L’expérience de tels dispositifs met ainsi en branle la mémoire des lieux, comme si chacun des espaces gardait la trace des corps qui l’ont traversé. Si la notion de lieu est aussi centrale dans le travail de David, c’est parce que ses œuvres renvoient à la co-appartenance des choses, dans un désir de se faufiler à l’intérieur des espaces privés et publics pour y insérer une dimension de doute. Les expériences qu’il propose ouvrent sur une prise de conscience de soi par laquelle se devine également la présence de l’autre. En ce sens, l’habileté de cet artiste est de faire jouer, à l’intérieur d’une recherche formelle des plus épurées, une réflexion actuelle sur l’idée de communauté. Créant un pont entre l’expérience esthétique et notre expérience quotidienne de l’environnement construit, il invente des lieux de transition, des espaces interstitiels faits d’une épaisseur de vécu. Le concept de lieu renvoie inévitablement à la notion d’« habiter ». Dans une certaine mesure, les installations de David appellent l’habitation, laissant entrevoir certaines des conditions déterminantes de la vie sociale. Ce sont des lieux qui prennent part au présent dans tout ce qu’il contient de mouvant et d’incertain, mais qui, en ce sens, nous parlent du fuyant devenir humain.

NOTES 1. Vladimir Jankélévitch, Le Je-ne-sais-quoi et le Presque-rien. La Manière et l’Occasion (Tome 1), Paris, Seuil, 1980, p. 30.
2. Cette idée traverse plusieurs ouvrages que Didi-Huberman consacre à des artistes contemporains, notamment La demeure, la souche. Apparentement de l’artiste (1999) et L’homme qui marchait dans la couleur (2001).

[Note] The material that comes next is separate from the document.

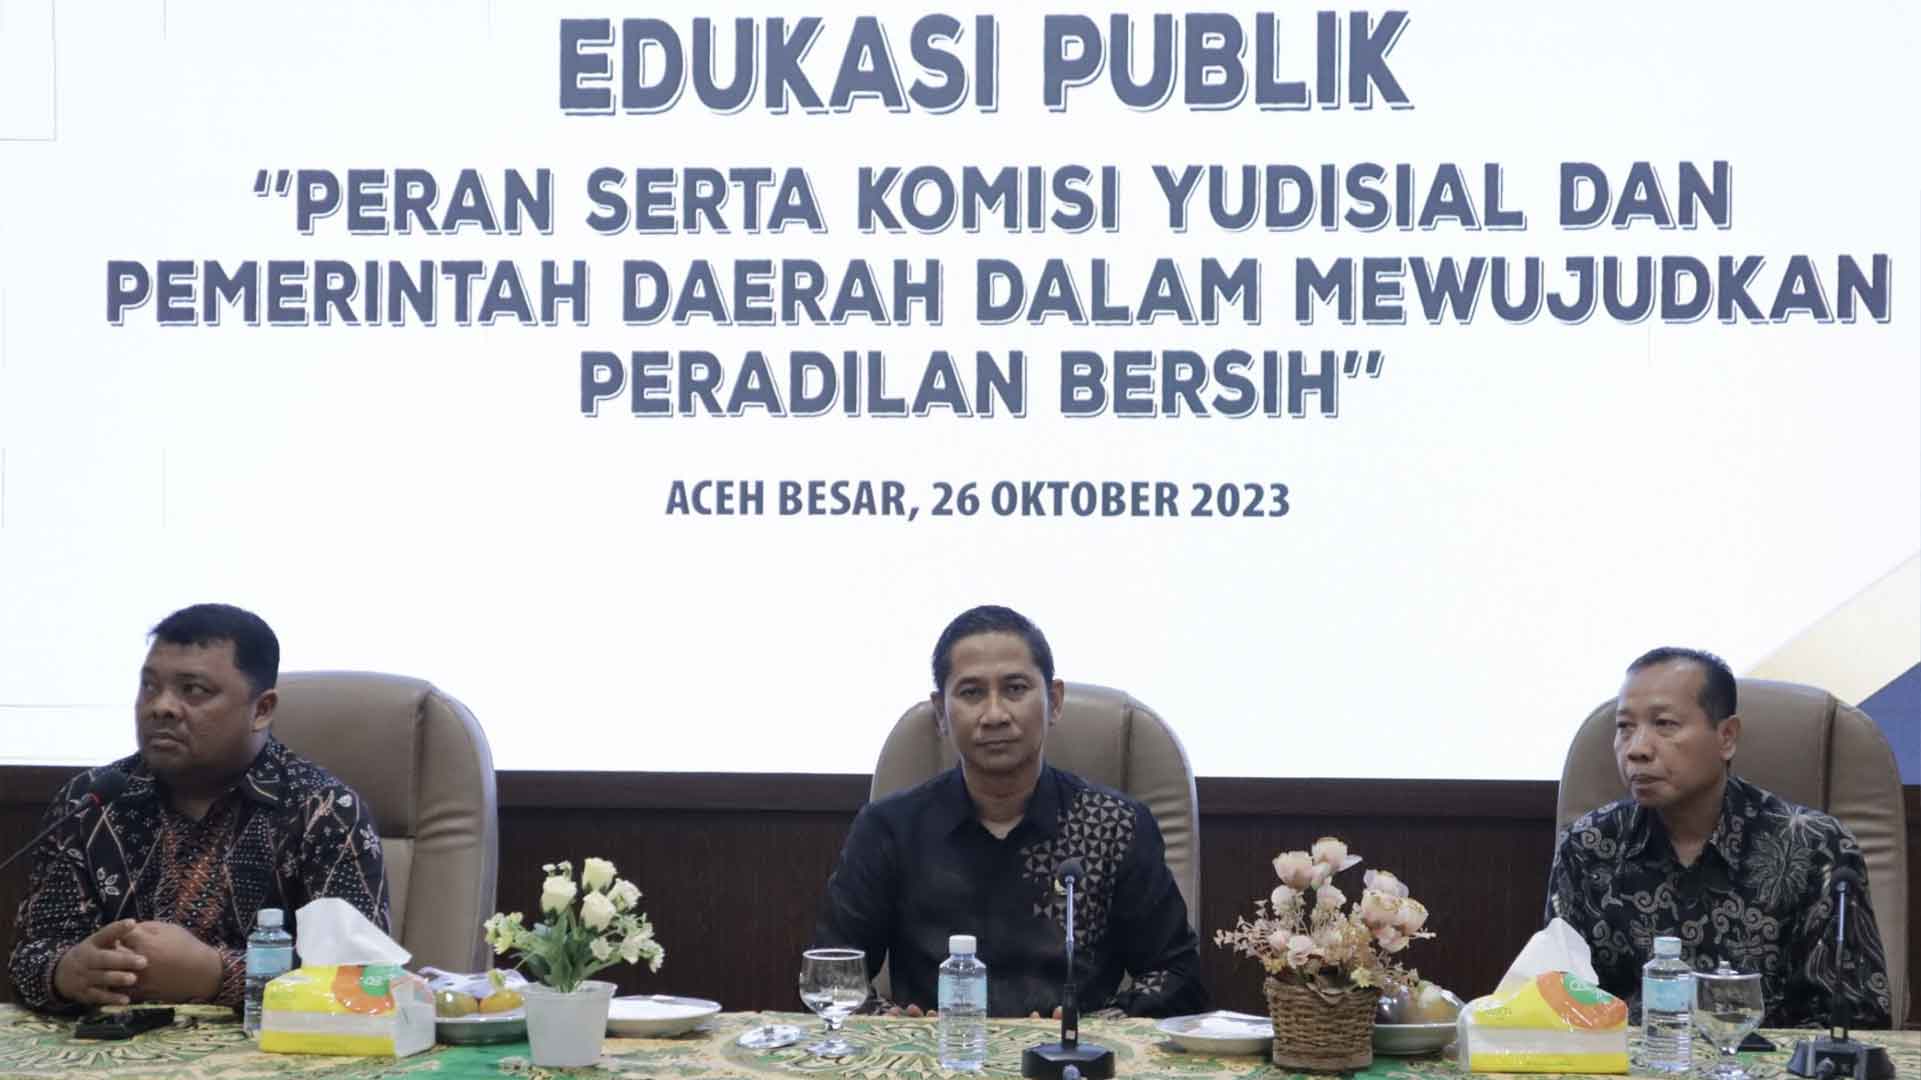 KY dan Pemkab Aceh Besar Gelar Edukasi Publik Wujudkan Peradilan Bersih

3. Commentaire de l’artiste à propos de son exposition Deux choses différentes à la Fonderie Darling à Montréal en 2004.
4. Jérôme Delgado, « Alexandre David: l’expérience critique », Spirale, n° 208 (mai-juin 2006), p. 27.
5. Georges Didi-Huberman, La demeure, la souche. Apparentement de l’artiste, Paris, Minuit, 1999, p. 17.
6. Alexandre David, « Un entretien avec Alexandre David par Gilles Godmer », dans Alexandre David, catalogue d’exposition, Montréal, Musée d’art contemporain de Montréal, 2002, p. 6.
7. Commentaire de l’artiste, op. cit.
8. Deux vues d’ensemble était présentée à la Galerie B-312 de Montréal, alors que Les plans étaient exposés à la Galerie des Arts visuels de l’Université Laval à Québec.
9. Michael Fried, « Art and Objecthood » (1967), présenté par Luc Lang, Artstudio, no  6 (automne 1987), p. 7-27. Voir l’analyse proposée par Didi-Huberman dans Ce que nous voyons, ce qui nous regarde, Paris, Minuit, 1992.